Staff at the upstate New York sculpture park and foundation Storm King Art Center announced their intention to unionise late last month. The organisers, including workers from multiple departments of the foundation and the park it operates, are seeking to join the Civil Service Employees Association (CSEA) and an international affiliation with the American Federation of State, County and Municipal Employees (AFSCME).

The staff members’ organising efforts follow Storm King’s announcement in August of an ambitious $45m revamp of its campus and facilities. It also comes ahead of a charity auction at Christie’s in early December, when donated works by Richard Serra, Ursula von Rydingsvard and Rashid Johnson, among others, will be offered during a contemporary art day sale to raise funds in honour of the organisation’s upcoming 60th anniversary.

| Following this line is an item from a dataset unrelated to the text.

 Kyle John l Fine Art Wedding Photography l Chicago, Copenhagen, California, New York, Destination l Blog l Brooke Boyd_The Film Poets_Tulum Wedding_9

“We hope Storm King Art Center will adhere to its values and promptly agree to a neutral election,” a CSEA spokesperson tells The Art Newspaper. “Regardless of job title, the workers have in common their love of the museum and its mission, especially programmes that make Storm King’s art accessible to people who might not otherwise have the opportunity to visit. Having a democratised workplace stands to benefit Storm King Art Center and only enhance its programming and customer service. We hope management will look to institutions such as the Walker Art Center, the Museum of Contemporary Art [Los Angeles] and the Academy Museum of Motion Pictures, whose leadership agreed to voluntary recognition when workers there organised.”

Thus far, however, Storm King’s administration has not opted for voluntary recognition of the union. As a result, the unionising workers petitioned the National Labor Relations Board (NLRB) for a date to proceed with union elections. The issues prompting the unionising effort echo problems motivating the broader labour movement in the cultural sector, including pay equity, healthcare and equitable wages and benefits that reflect current needs and living costs.

“We respect our colleagues and are thankful for each person’s skills, individuality, professionalism and dedication,” a Storm King spokesperson says. “This support and respect extends to some team members’ decision to explore committing to a union and we look forward to engaging with our colleagues, the Civil Services Employees Association Local 1000 and the National Labor Relations Board during this process.”

The spokesperson added: “A core element of Storm King’s strength as an organisation is engagement in open communication. We recognise that a shared commitment to Storm King’s mission must also make space for the varied needs of individuals across the organisation. We continue to welcome dialogue with our colleagues as we move forward with this process.”

Storm King’s campus revamp, expected to be completed in 2024, follows a period of surging attendance at the beloved sculpture park. Annual visitor numbers have tripled since 2012 and are expected to total 240,000 this year.